Data Movement Utilities Guide and Reference

Load Overview

The load utility is capable of efficiently moving large quantities of data into newly created tables, or into tables that already contain data. The utility can handle all data types, including large objects (LOBs) and user-defined types (UDTs). The load utility is faster than the import utility, because it writes formatted pages directly into the database, while the import utility performs SQL INSERTs. The load utility does not fire triggers, and does not perform referential or table constraints checking (other than validating the uniqueness of the indexes). The data being loaded must be local to the server (unlike import and export, which support the passing of data from the client). For a detailed comparison of the load and the import utilities, see Appendix B. Differences Between the Import and the Load Utility.

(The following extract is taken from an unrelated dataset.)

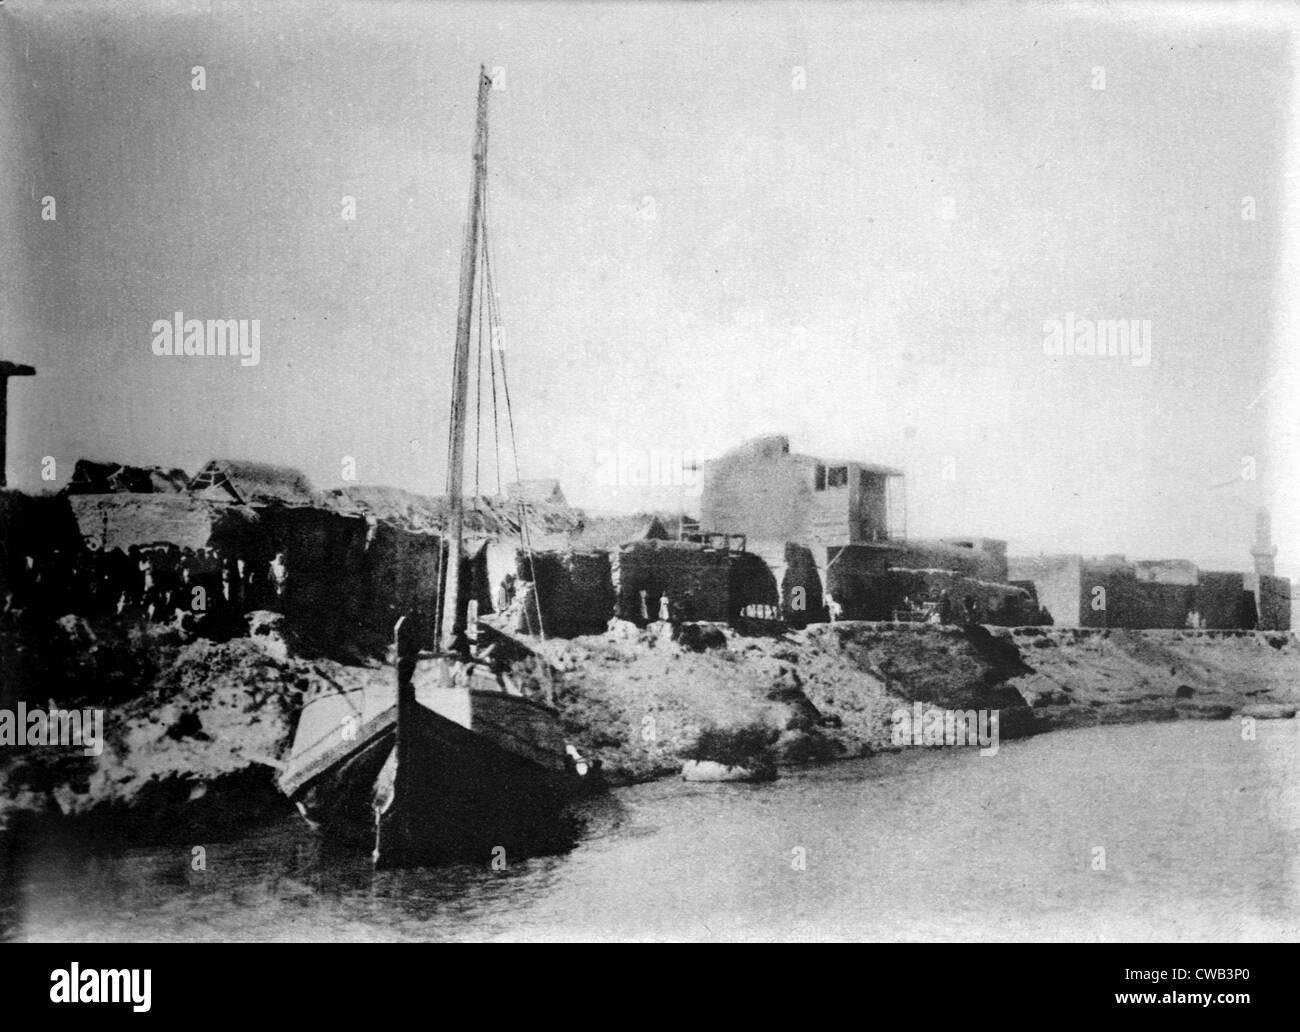 Iraq, A small sail boat anchored on the shore of the Tigris River near Kut-El-Amara, circa 1920s. - Stock Image
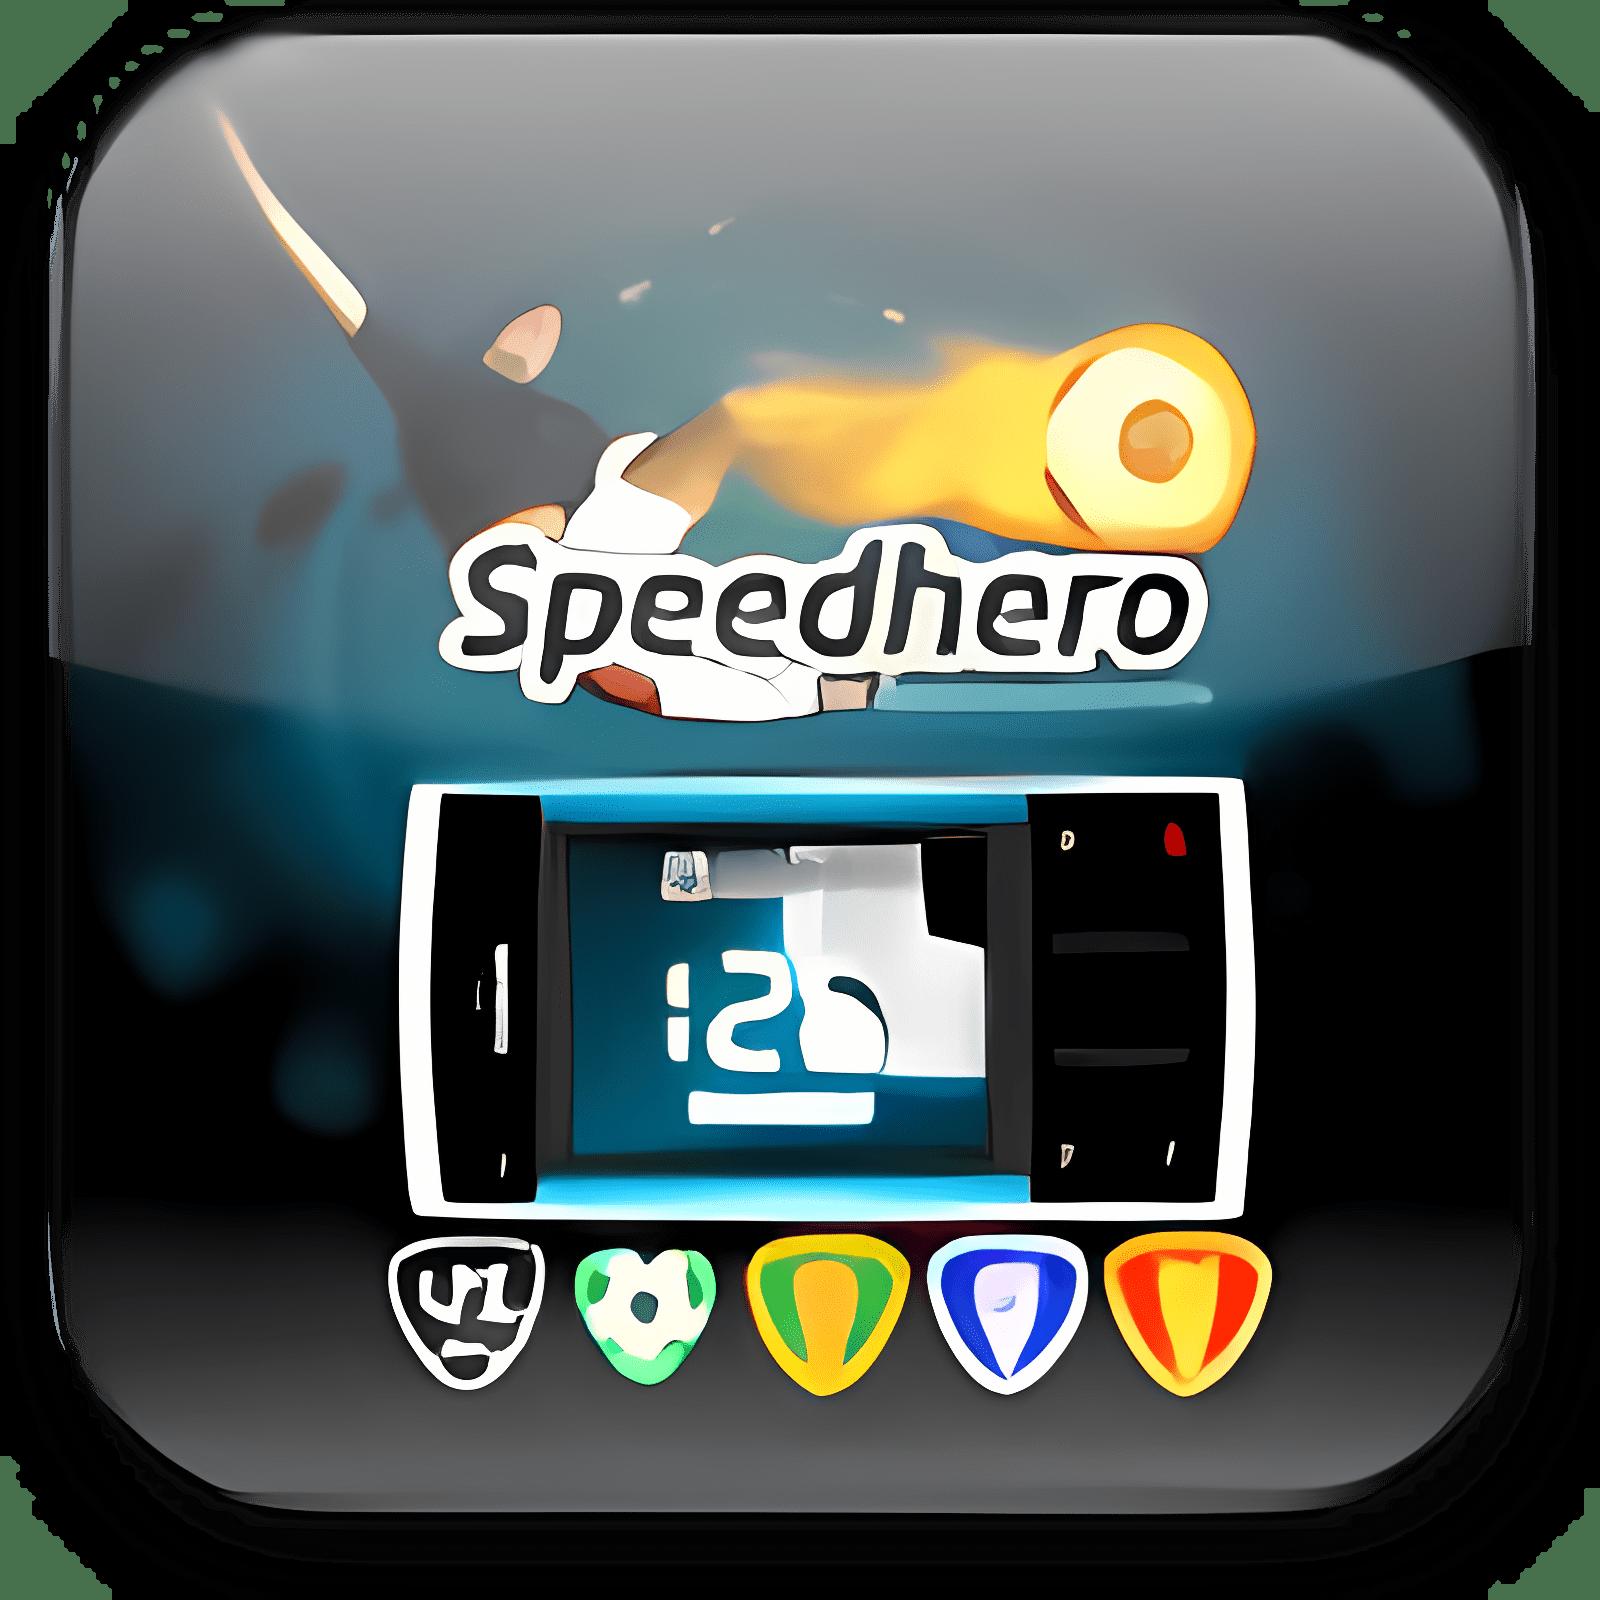 SpeedHero

The load process consists of three distinct phases (see Figure 1):

Load, during which the data is written to the table.
During the load phase, data is loaded into the table, and index keys and table statistics are collected, if necessary. Save points, or points of consistency, are established at intervals specified through the SAVECOUNT parameter in the LOAD command. Messages are generated, indicating how many input rows were successfully loaded at the time of the save point. For DATALINK columns defined with FILE LINK CONTROL, link operations are performed for non-NULL column values. If a failure occurs, you can restart the load operation; the RESTART option automatically restarts the load operation from the last successful consistency point. The TERMINATE option rolls back the failed load operation.
Figure 1. The Three Phases of the Load Process: Load, Build, and Delete.. Associated table spaces are in load pending state from the beginning of the load phase until the end of the build phase, and in delete pending state from the end of the build phase until the end of the delete phase.
Build, during which indexes are created.
During the build phase, indexes are created based on the index keys collected during the load phase. The index keys are sorted during the load phase, and index statistics are collected (if the STATISTICS YES with INDEXES option was specified). The statistics are similar to those collected through the RUNSTATS command (see the Command Reference). If a failure occurs during the build phase, the RESTART option automatically restarts the load operation at the appropriate point.
Unique key violations are placed into the exception table, if one was specified (see Exception Table), and messages about rejected rows are written to the message file. Following the completion of the load process, review these messages, resolve any problems, and insert corrected rows into the table.
Delete, during which the rows that caused a unique key violation or a DATALINK violation are removed from the table.
Do not attempt to delete or to modify any temporary files created by the load utility. Some temporary files are critical to the delete phase. If a failure occurs during the delete phase, the RESTART option automatically restarts the load operation at the appropriate point.
Note: Each deletion event is logged. If you have a large number of records that violate the uniqueness condition, the log could fill up during the delete phase.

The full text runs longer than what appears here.